To conduct research in patient populations, investigators must have hypotheses and methods with the likelihood of making a meaningful contribution to the literature commensurate with all the extra time and effort they are asking of patients. This particular study fails this ethical test.
Finally, the publication of this null trial as a noninferiority trial pushes the envelope in terms of the need for preregistration of design and analytic plans for trials. If authors of going to claim a successful demonstration of non-inferiority, we need to know that is what they set out to do, rather than just being stuck with null findings they could not otherwise publish.
*DISCLAIMER: This blog post presents solely the opinions of the author, and not necessarily PLOS. Opinions about the publishability of papers reflect only the author’s views and not necessarily an editorial decision for a manuscript submitted to PLOS One.
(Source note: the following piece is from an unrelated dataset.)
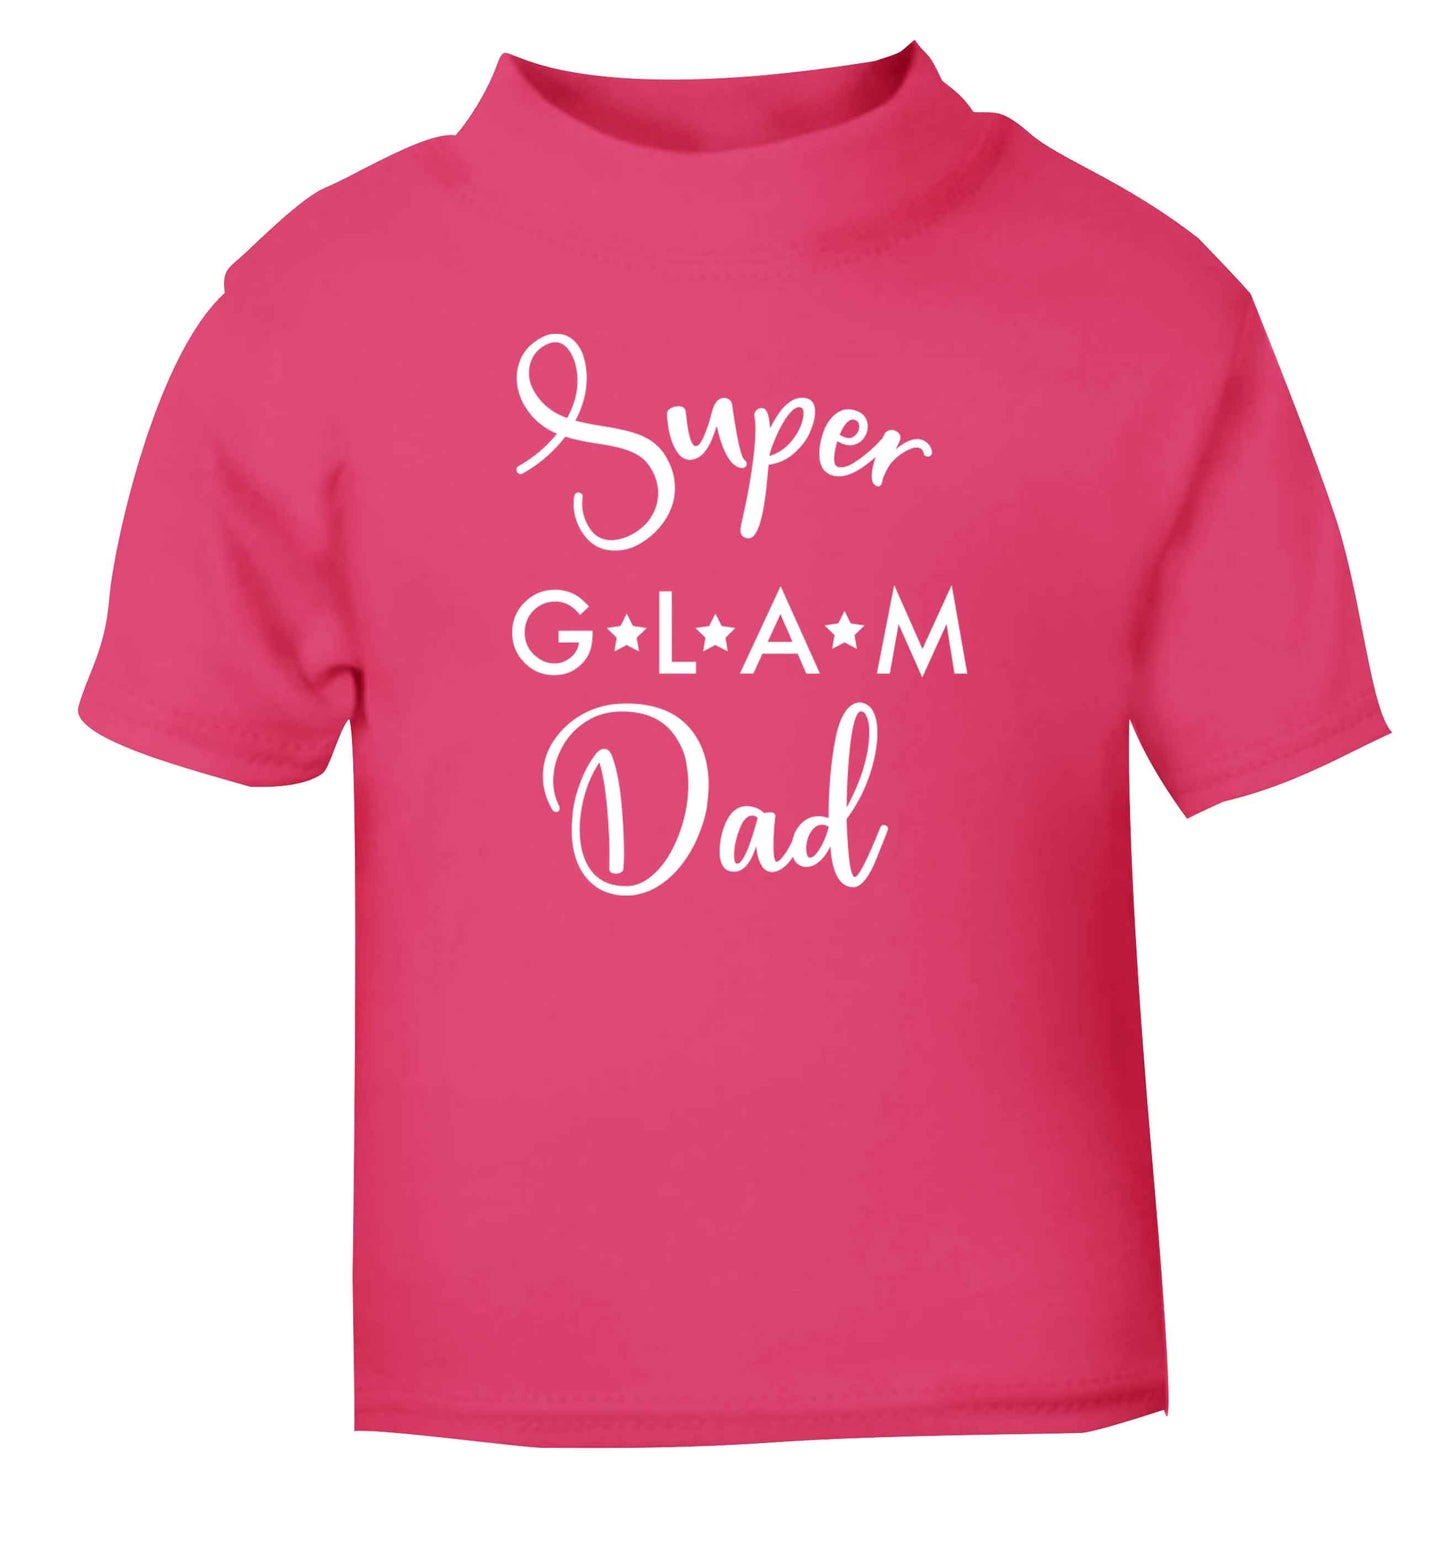 Super glam Dad pink Baby Toddler Tshirt 2 Years

**I previously criticized the editorial process at BJP, calling for the retraction of a horribly flawed meta-analysis of the mental health effects of abortion written by an American antiabortion activist. I have pointed out how another flawed review of the efficacy of long-term psychodynamic psychotherapy represented duplicate publication . But both of these papers were published under the last editor. I still hope that the current editor can improve the trustworthiness of what is published at BJP. I am not encouraged by this particular paper, however.